Wish 107.5 (DWNU)
- Wish 107.5 logo since 2015
- Caloocan; Philippines;
- Broadcast area: Mega Manila and surrounding areas
- Frequency: 107.5 MHz
- RDS: WISH FM
- Branding: Wish 107.5

Programming
- Language: English
- Format: Soft Adult Contemporary, OPM

Ownership
- Owner: Progressive Broadcasting Corporation
- Operator: Breakthrough and Milestones Productions International
- Sister stations: Through BMPI: Radyo La Verdad 1350 Through PBC: DWAO-DTV (UNTV)

History
- First air date: August 31, 1987
- Former names: NU 107 (August 31, 1987 – November 7, 2010); Win Radio (November 8, 2010 – June 26, 2014);
- Call sign meaning: Pronounced as "new" (former branding)

Technical information
- Licensing authority: NTC
- Class: A, B and C
- Power: 25,000 watts
- ERP: 75,000 watts

Links
- Website: www.wish1075.com

= DWNU =

Radio station in Metro Manila, Philippines

DWNU (107.5 FM), broadcasting as Wish 107.5 (pronounced as Wish one-o-seven-five), is a radio station owned by Progressive Broadcasting Corporation and operated by Breakthrough and Milestones Productions International (BMPI), the media arm of the Members Church of God International (MCGI). The station's studio is located at La Verdad Christian College - Caloocan Building, 351 EDSA, Brgy. Bagong Barrio West, Caloocan, while its transmitter is located at the UNTV Transmitter Complex, Sumulong Highway, Antipolo.

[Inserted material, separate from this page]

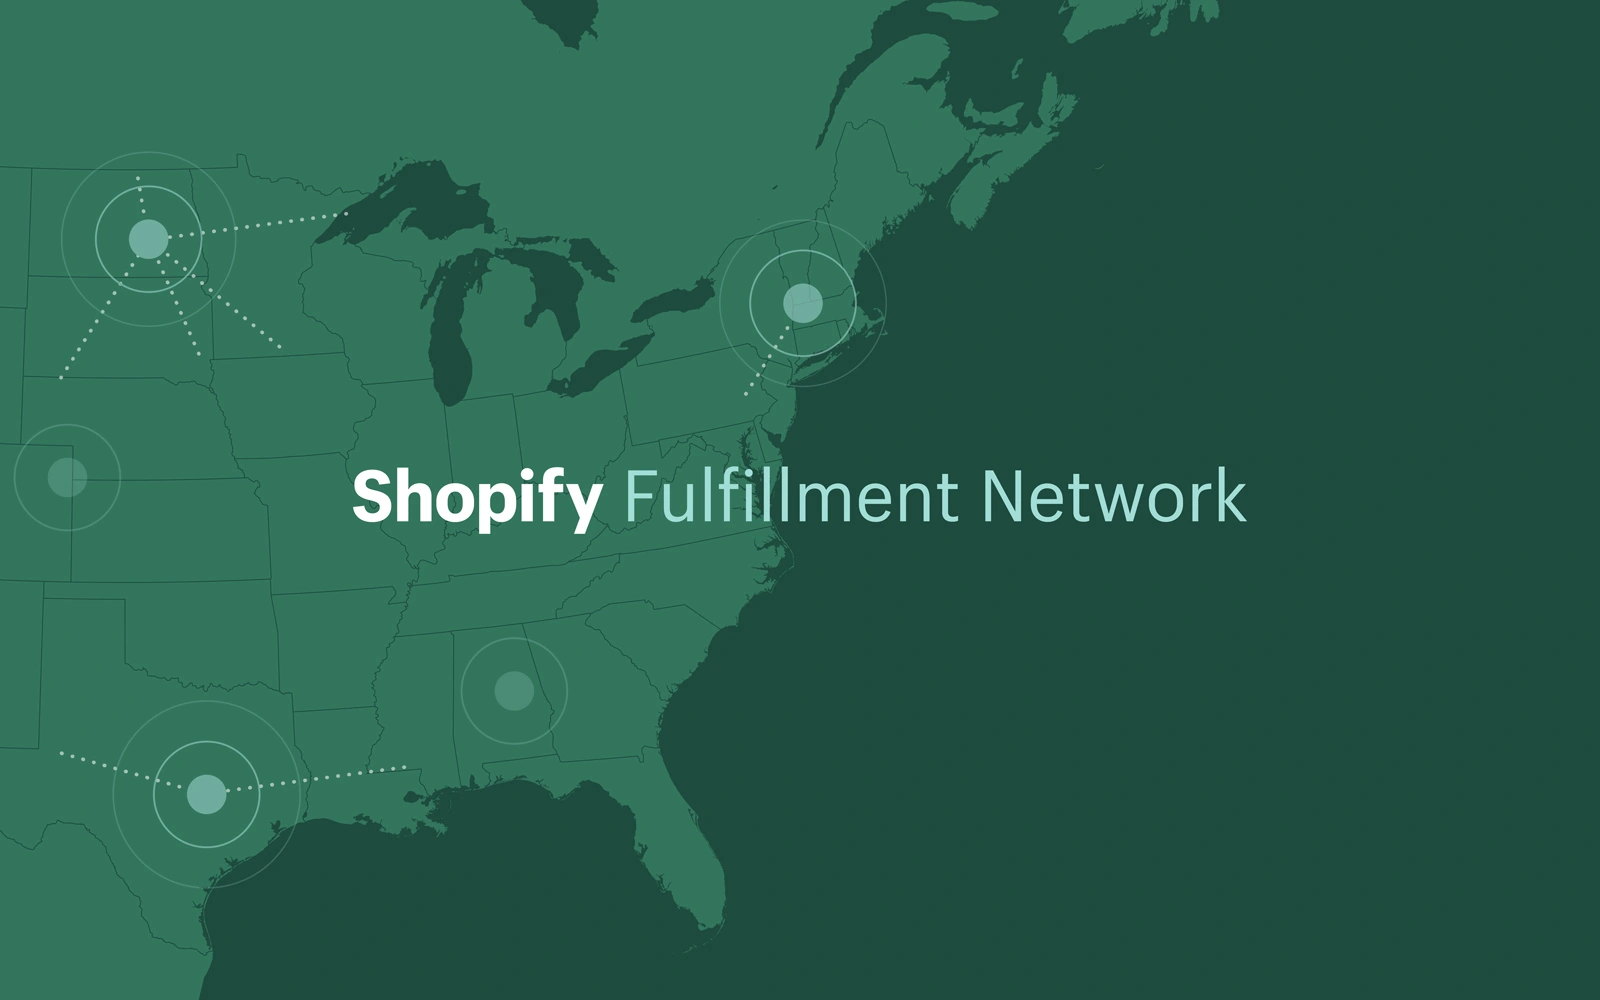 The Shopify Fulfillment Service: What is the Shopify Fulfillment Network?

Online, Wish 107.5's first official YouTube channel is currently the Philippines' No. 1 YouTube channel by a local FM station with more than 4.4 billion views and 15.2 million subscribers and got its Diamond Play button from YouTube Creators Awards. The 2nd official YouTube account Wish 1075 (Wish USA) also got more than 384 million views and 2.37 millions subscribers.

==History==
===1987–2010: NU 107===
====Late 1980s====

Final NU 107 logo prior to sign off on November 8, 2010

On August 31, 1987, an unnamed radio station began broadcasting on 107.5 FM, playing new wave music without call letters or DJs for a month. Upon revealing itself as “DWNU” and inviting listeners to call, its phone lines were inundated for three hours. At the time, its studios were located in Paseo De Roxas, Makati.

NU 107 was conceived by radio veteran Mike Pedero and businessman Atom Henares. Their vision was to establish a benchmark for youth music, with NU 107 broadcasting “dynamic, young, passionate, creative” rock music, aiming to set a new standard for musical taste.

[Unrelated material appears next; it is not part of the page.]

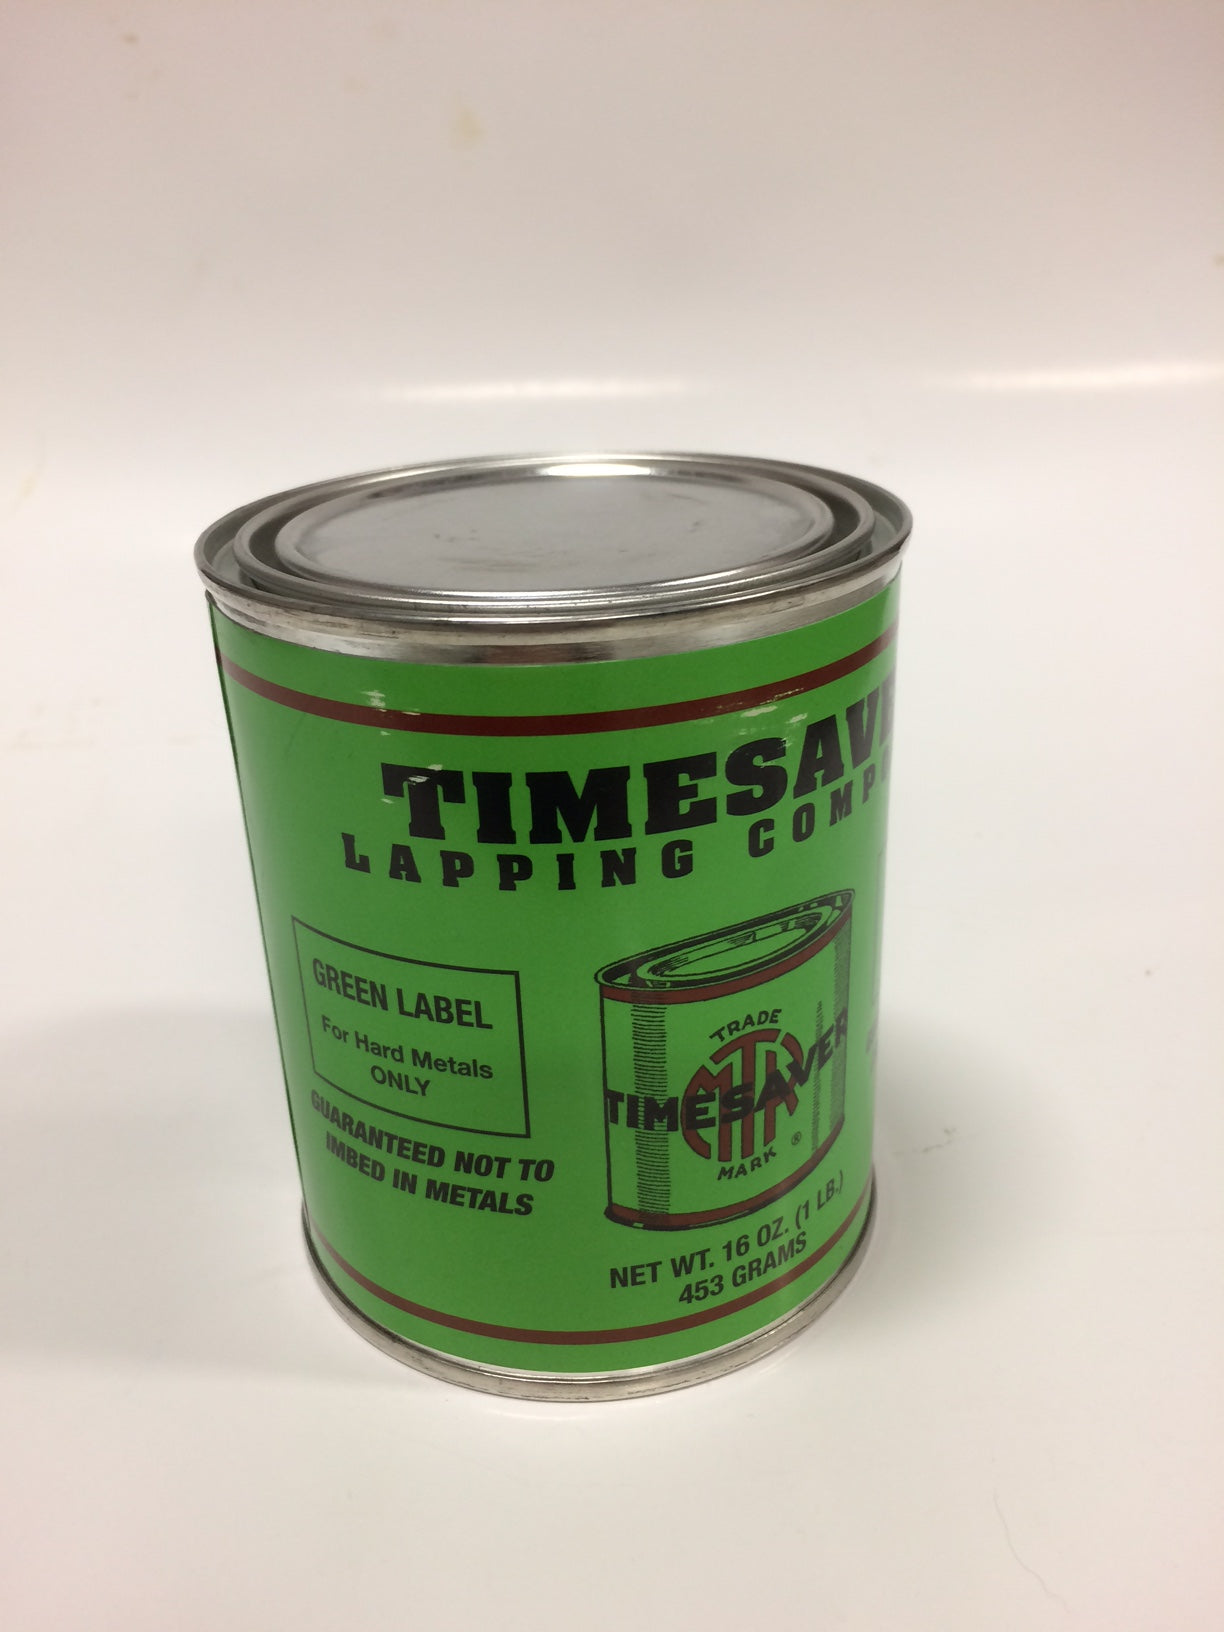 Timesaver 1 lb Green Label Lapping Compounds – NEWMAN TOOLS SHOPPING CART

NU 107 first hit the airwaves on October 31, 1987, being one of two FM stations (the other being Power 105 BM FM (now 105.1 Brigada News FM Manila) that played the latest new wave and punk hits during that time. It was also known as the station that inherited the format of WXB 102 (now 102.7 Star FM), which went off air a few months before the birth of NU 107. Meanwhile, the other rock station on the Metro Manila FM bandwidth, Boss Radio DZRJ 100.3 (now 100.3 RJFM), usually played classic rock of the '60s and '70s unlike NU 107 and Power 105 BM FM. Banker Atom Henares started the radio station in 1987, playing new wave music for about six weeks on the 107.5 MHz frequency. After that, when the station's tagline "The Home of New Rock" was aired and their telephone number was announced, the station's telephone rang for three hours straight.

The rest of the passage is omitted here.